For example, if something progressed to getting the police or lawyers
involved, at least some amount of it is going to be public record. Even though
it might not (initially) be broadcast widely, it would eventually hit the tech
press if it stemmed from events at a tech conference.

------
blhack
I just want to remind everybody in this thread that the "offending, sexual
comments" were two adult men joking that "dongle" and "dong" sound the same.

------
rdl
I'm incredibly impressed by how PyCon has handled this whole thing (both their
CoC and how they arbitrated it, and their success in attracting 20% women to a
programming conference.) Compare it to e.g. the BSidesSF fiasco.

One of the awesome things about Python is that two of the best Python
developers I know are female, along with maybe 20-30% of "good" programmers
who program primarily in Python being female as well. It really seems like one
of the more inclusive technical communities.

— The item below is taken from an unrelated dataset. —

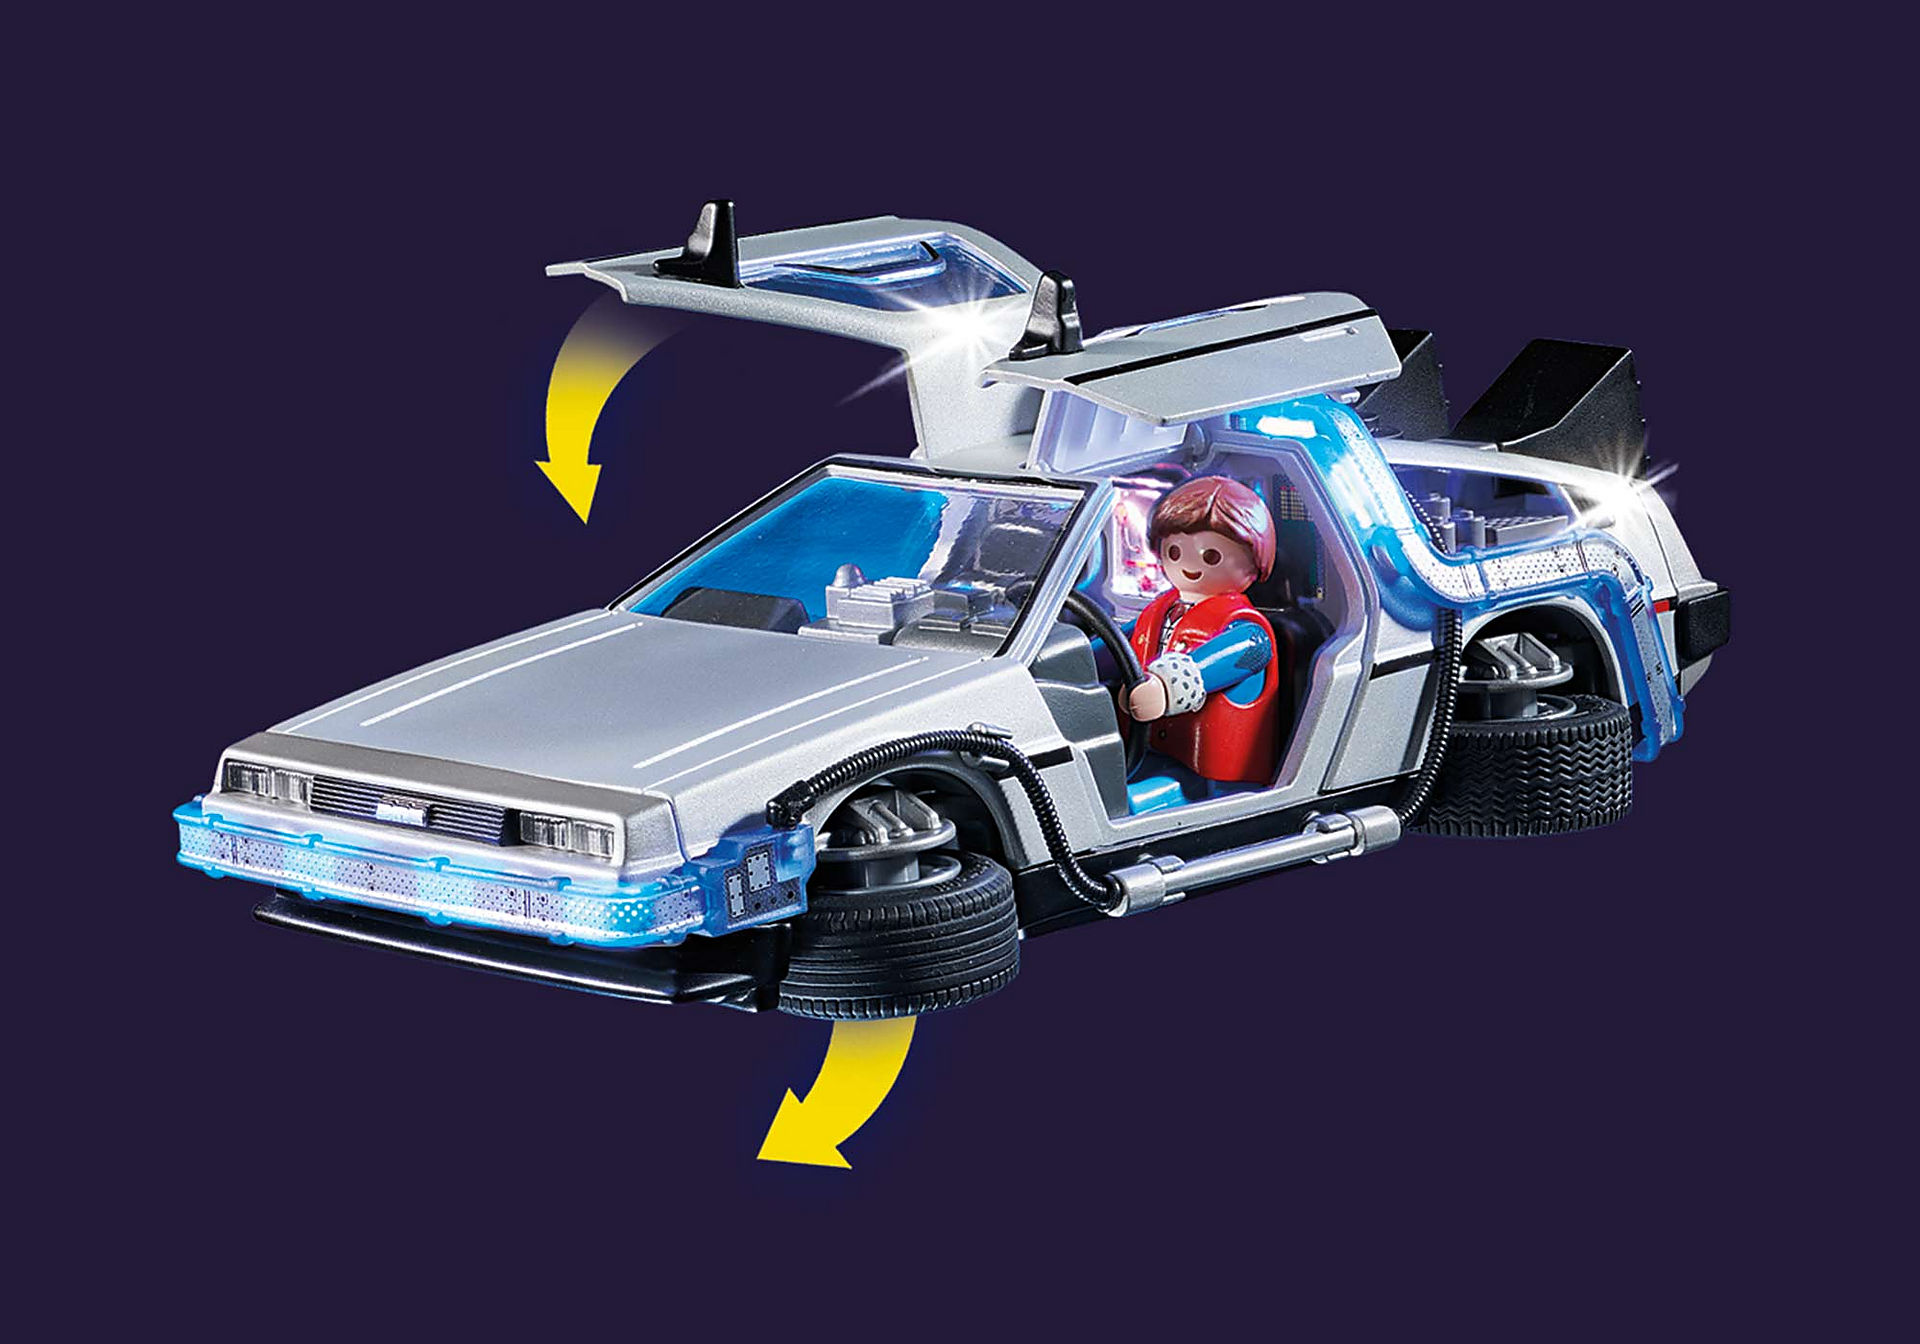 70317 Back to the Future Συλλεκτικό όχημα Ντελόριαν zoom image4

I wonder how much of that is due to the language itself, how much is how it's
been used in academic programs, and how much is due to the people who were
originally involved in the language, the conferences, etc.

------
nkuttler
It appears that Adria Richards herself was just fired.
<https://www.facebook.com/SendGrid/posts/10151502570463967>

------
kstrauser
I just issued a pull request that would add test cases to the Code of Conduct.
It's at [https://github.com/kstrauser/pycon-code-of-
conduct/commit/14...](https://github.com/kstrauser/pycon-code-of-
conduct/commit/1448bf5f9a40ef2ab29b2869329a96f4de01c371) .

The idea is that:

1\. It's good to define exactly what we want to happen in various test cases.
Either we can get consensus ("yeah, that's how it should turn out!") or decide
that there's no clear answer. Both results add valuable information to the
process. 2\. We have examples to compare the actual Code of Conduct against to
decide whether it achieves the results we want.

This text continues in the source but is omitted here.